What the task requires: All of the data that follows should be given again exactly, without its images.

Information shown:
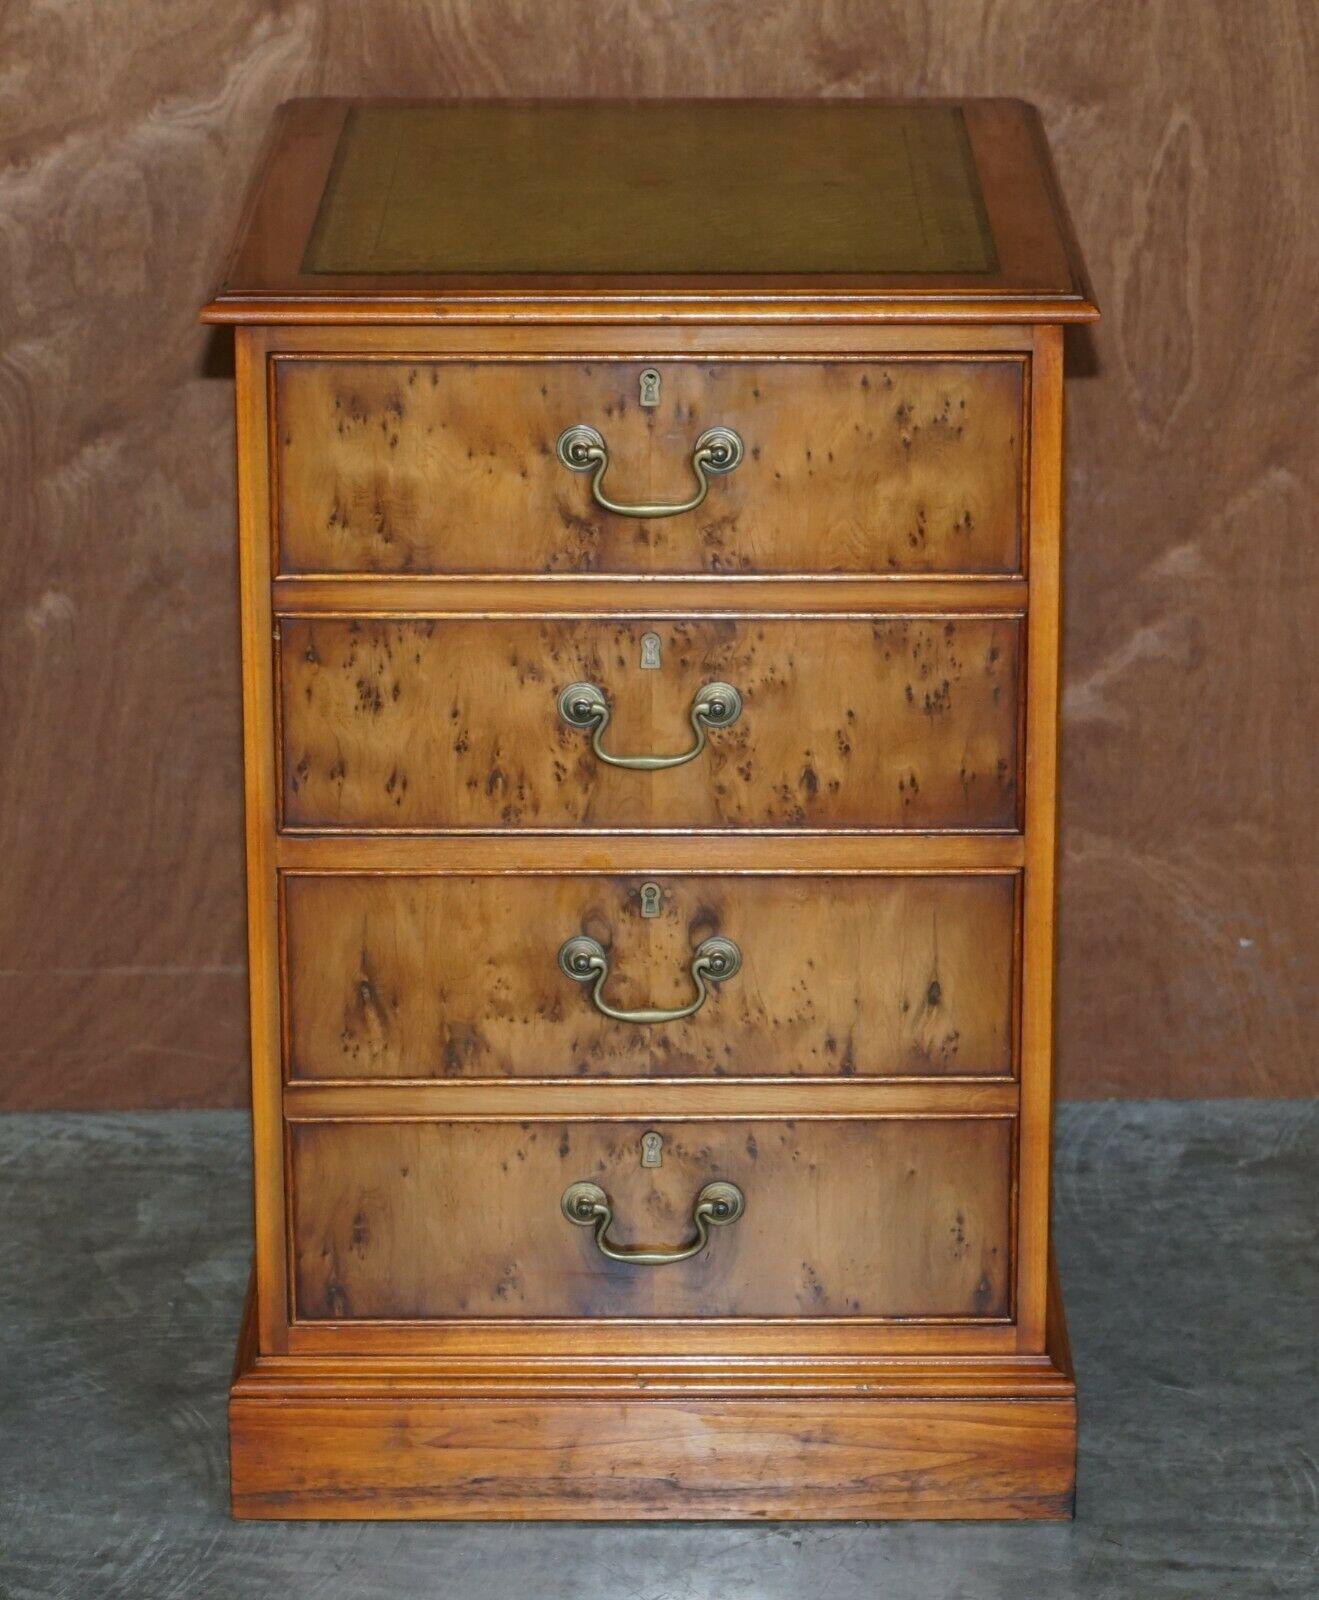 We are delighted to offer for sale this lovely burr yew wood filing cabinet with gold leaf embossed green leather top.

I have another of these listed under my other items in burr walnut.

A truly stunning piece, if burr yew is your thing or

Answer area:
 We are delighted to offer for sale this lovely burr yew wood filing cabinet with gold leaf embossed green leather top.

I have another of these listed under my other items in burr walnut.

A truly stunning piece, if burr yew is your thing or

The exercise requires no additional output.